Salvedades aparte, Ali luce coqueto, sus calles se ven cuidadas y limpias y se han rehabilitado muchas viejas casonas, incluso han abierto las puertas y ventanas del palacio. Las antiguas escuelas, separadas en un edificio para los chicos y otro para las chicas -como era costumbre de la época en todos los pueblos de Álava-, son ahora dos sociedades gastronómicas. "Íbamos a la escuela del pueblo y muchos años después llegamos a montar una ikastola, privada, con hasta 300 chavales matriculados: la ikastola de Ali, narra Enrique con orgullo. Con el tiempo dejó de existir y los escolares pasaron a ocupar las aulas de Abendaño y Barrutia. También hubo en Ali una peña ciclista y un club de deporte rural. "Todo lo que se ha hecho en el pueblo es porque nos lo hemos peleado; en eso hemos sido un poco borrokas". Inquietos, más bien. También ahora, cada vez que el Ayuntamiento intenta tocarles lo suyo se mantienen peleones. Y alerta. Por si acaso. "Aunque ya no tenemos nada más para que nos quiten".

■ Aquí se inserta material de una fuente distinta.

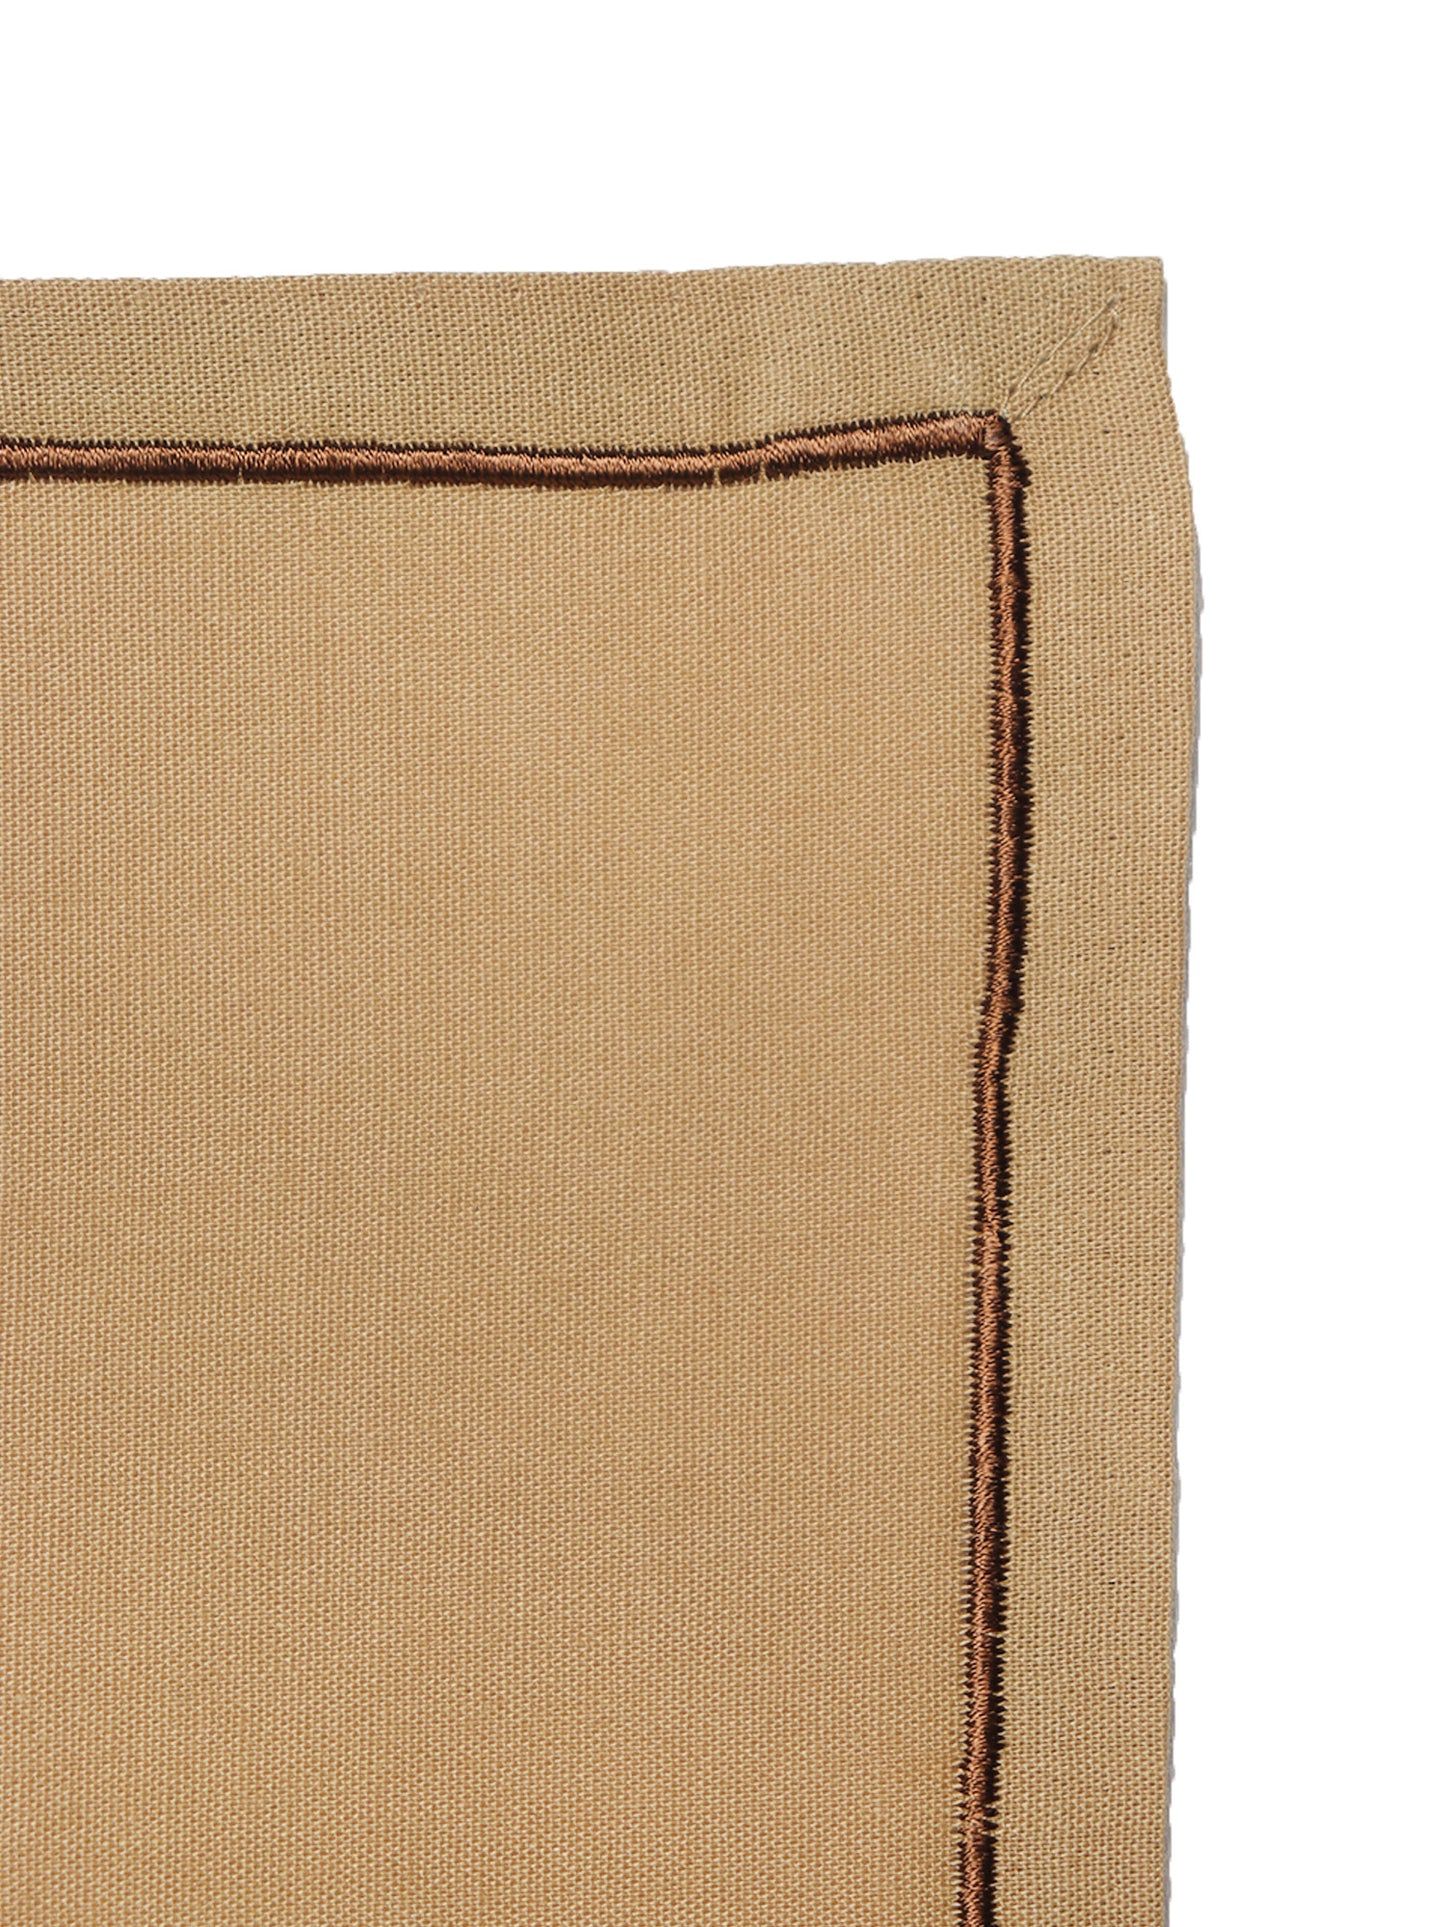 closeup of embroidered set of 6 dinner napkins in beige color - 16x16 inch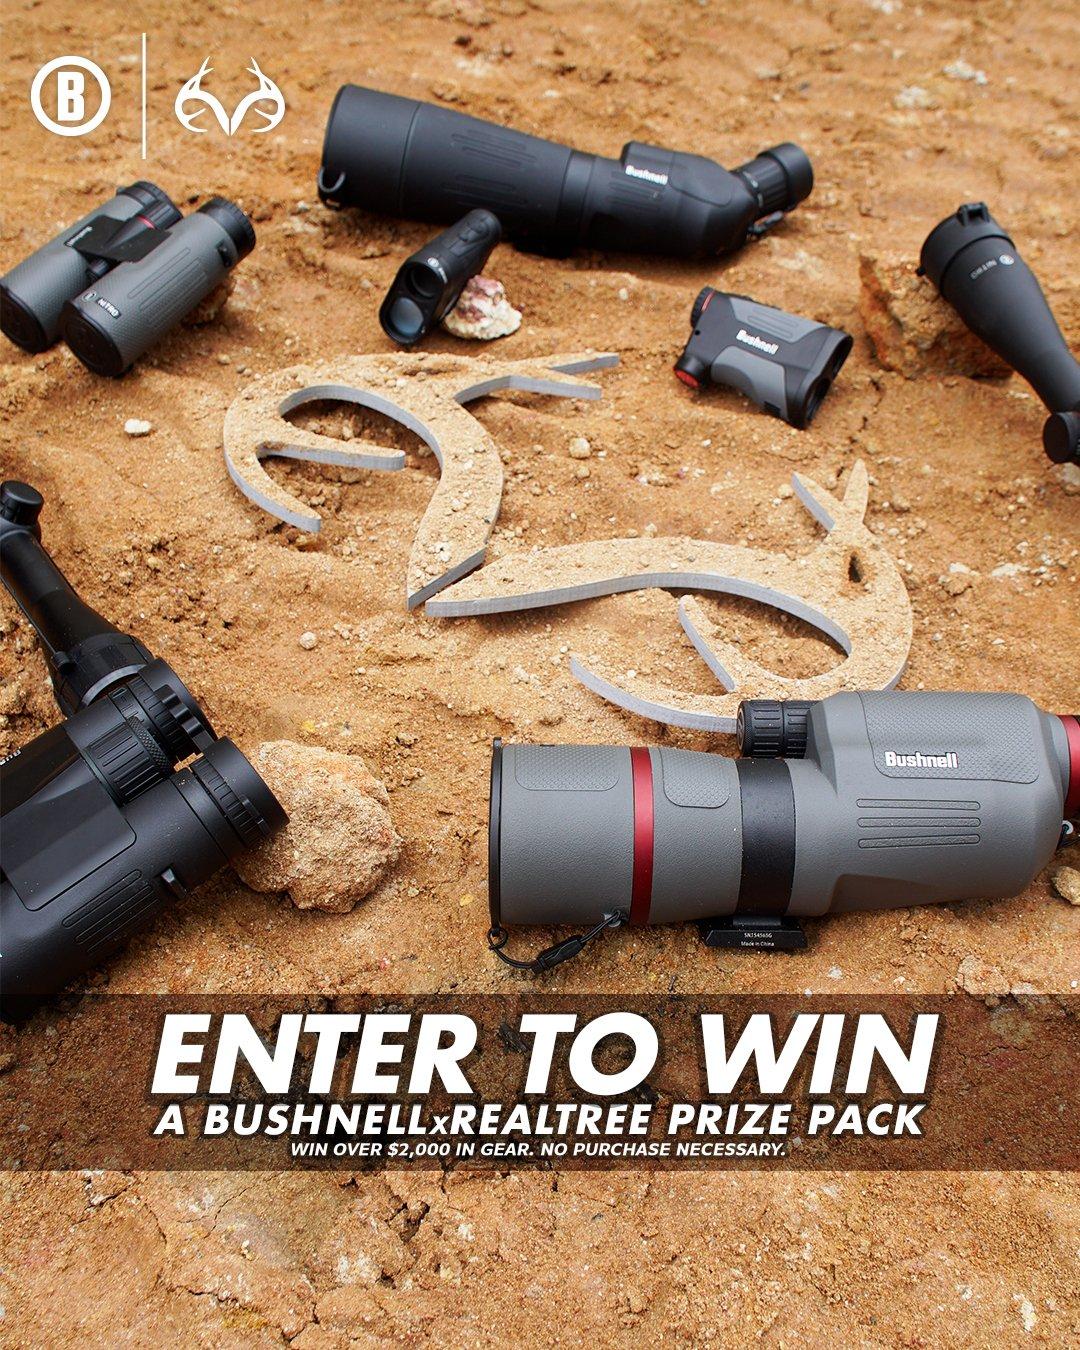 Enter before the deadline for a chance to win some incredible hunting gear. (Realtree photo)

Asomados al balcón de Ali, José Ignacio y Enrique contemplan Zabalgana y dirigen su mirada hacia el viejo puente peatonal -ahora arreglado- que cruza el tren. Unas vías casi invisibles para los vecinos, ya que siempre ocuparon terreno agrícola. Ya no se soterrarán, pero a cambio Vitoria les ha prometido una pasarela para acercarles más a Zabalgana, a la ciudad, a ese gigante que a base de crecer y crecer ha acabado por engullir su terreno, que no su orgullo e identidad. Para bien y para mal.